CODEWITHSUNDEEP
pythonnumpy
Rufus
Rufus

Reputation: 5566

Iterate over columns of array as column vectors

Is there a way to iterate over the columns of a 2D numpy array such that the iterators remain column vectors?

i.e.

>>> A = np.arange(9).reshape((3,3))
[[0 1 2]
 [3 4 5]
 [6 7 8]]
>>> np.hstack([a in some_way_of_iterating(A)])
[[0 1 2]
 [3 4 5]
 [6 7 8]]

This is useful, for example, when I want to pass the column vectors into a function that transforms the individual column vector without having to clutter stuff with reshapes

Upvotes: 2

Views: 82

Answers (3)

Grayrigel
Grayrigel

Reputation: 3594

An ugly but another possible way with index and transpose:

np.hstack([A[:,i][np.newaxis].T for i in range(len(A.T))])

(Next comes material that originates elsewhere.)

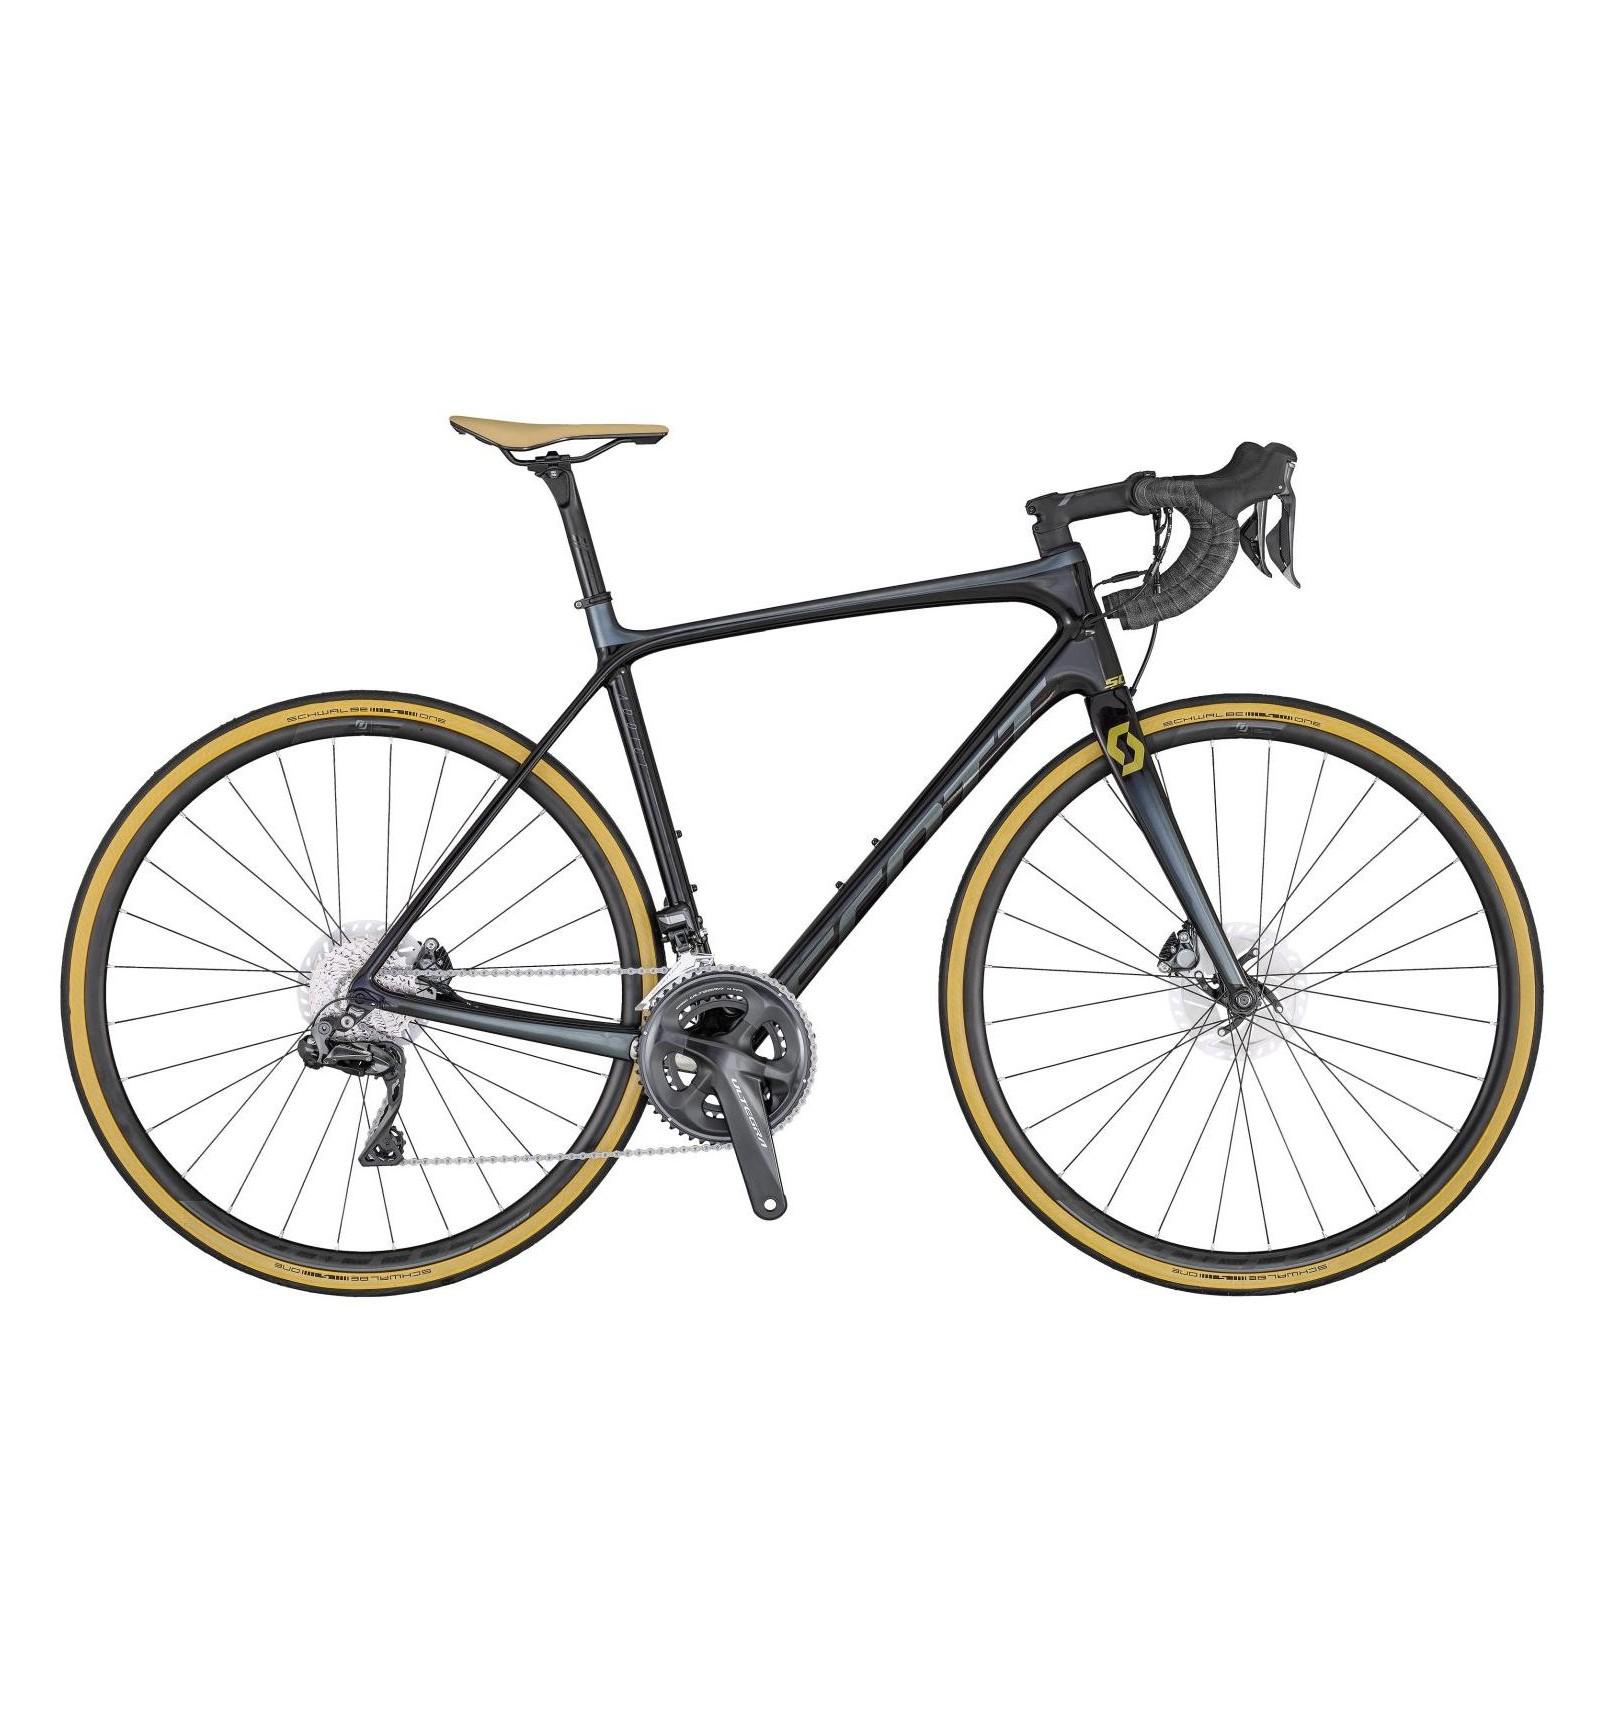 El topic de la bicicleta de montaña (mtb/btt) - Página 7 Bicicleta-bh-spike-27er-6-3-2015

I am using np.newaxis to facilitate the transpose. Based on @hpaulj suggestion this can be significantly cleaned off:

np.hstack([A[:,i,np.newaxis] for i in range(A.shape[1])])

Output:

array([[0, 1, 2],
       [3, 4, 5],
       [6, 7, 8]])

Upvotes: 0

hpaulj
hpaulj

Reputation: 231395

In [39]: A = np.arange(1,10).reshape(3,3)
In [40]: A
Out[40]: 
array([[1, 2, 3],
       [4, 5, 6],
       [7, 8, 9]])

Iteration on an array operates on the first dimension. It's much like iterating on a nested list - but slower. And like the list case it too reduces the dimension.

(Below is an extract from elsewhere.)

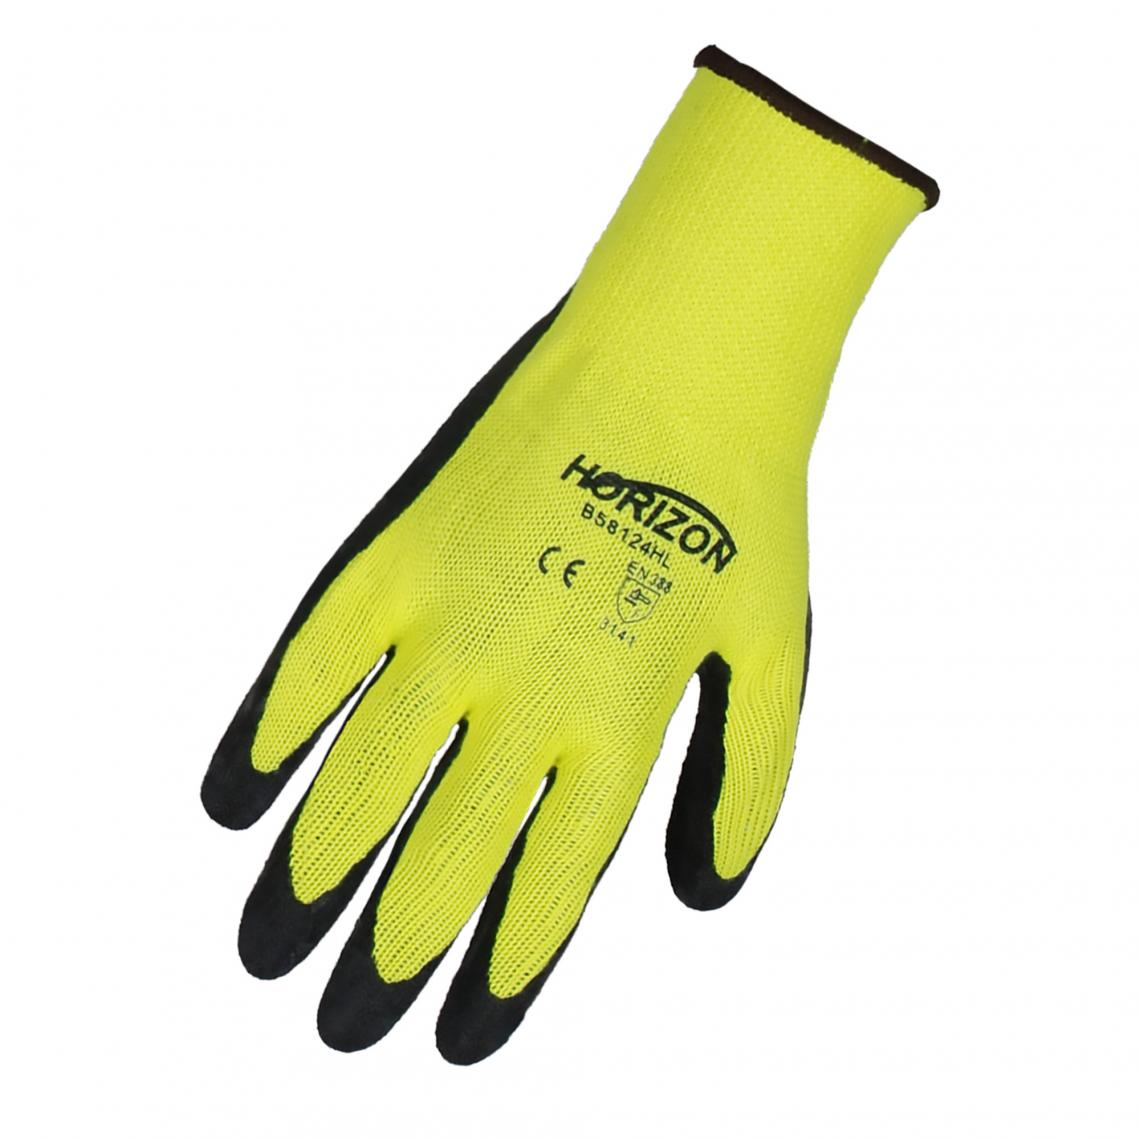 Gloves - Horizon Hi-Vis Latex Coated Glove - YL- L

You could iterate on the range, and use advanced indexing, [i] to maintain the 2d, "column vector" shape:

In [41]: [A[:,[i]] for i in range(3)]
Out[41]: 
[array([[1],
        [4],
        [7]]),
 array([[2],
        [5],
        [8]]),
 array([[3],
        [6],
        [9]])]

Or iterate on the transpose - but this still requires some form of reshape. I prefer the None/newaxis syntax.

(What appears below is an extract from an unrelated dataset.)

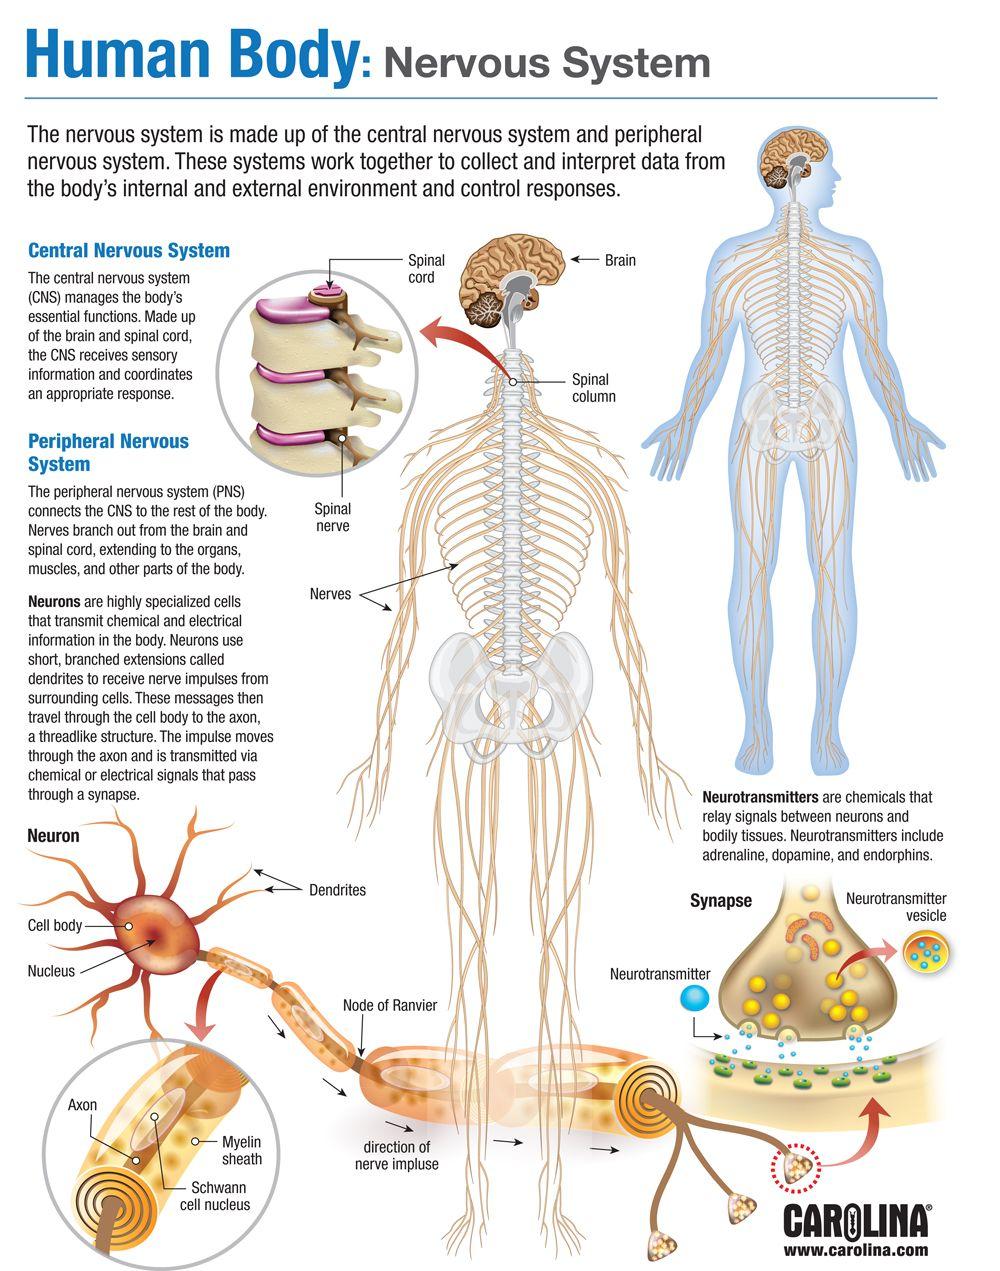 Human Body Nervous System Human Body Nervous System Basic Anatomy And Physiology Human Anatomy And Physiology

In [42]: [a[:,None] for a in A.T]
Out[42]: 
[array([[1],
        [4],
        [7]]),
 array([[2],
        [5],
        [8]]),
 array([[3],
        [6],
        [9]])]

Indexing and reshape can be combined with:

In [43]: A[:,0,None]
Out[43]: 
array([[1],
       [4],
       [7]])

Or with slicing:

In [44]: A[:,1:2]
Out[44]: 
array([[2],
       [5],
       [8]])

There is a difference that may matter. A[:,[i]] makes a copy, A[:,i,None] is a view.

This may be the time to reread the basic numpy indexing docs.

https://numpy.org/doc/stable/reference/arrays.indexing.html

Upvotes: 0

Georgina Skibinski
Georgina Skibinski

Reputation: 13387

How about simple transpose:

B = np.hstack([a.reshape(-1,1) for a in A.T])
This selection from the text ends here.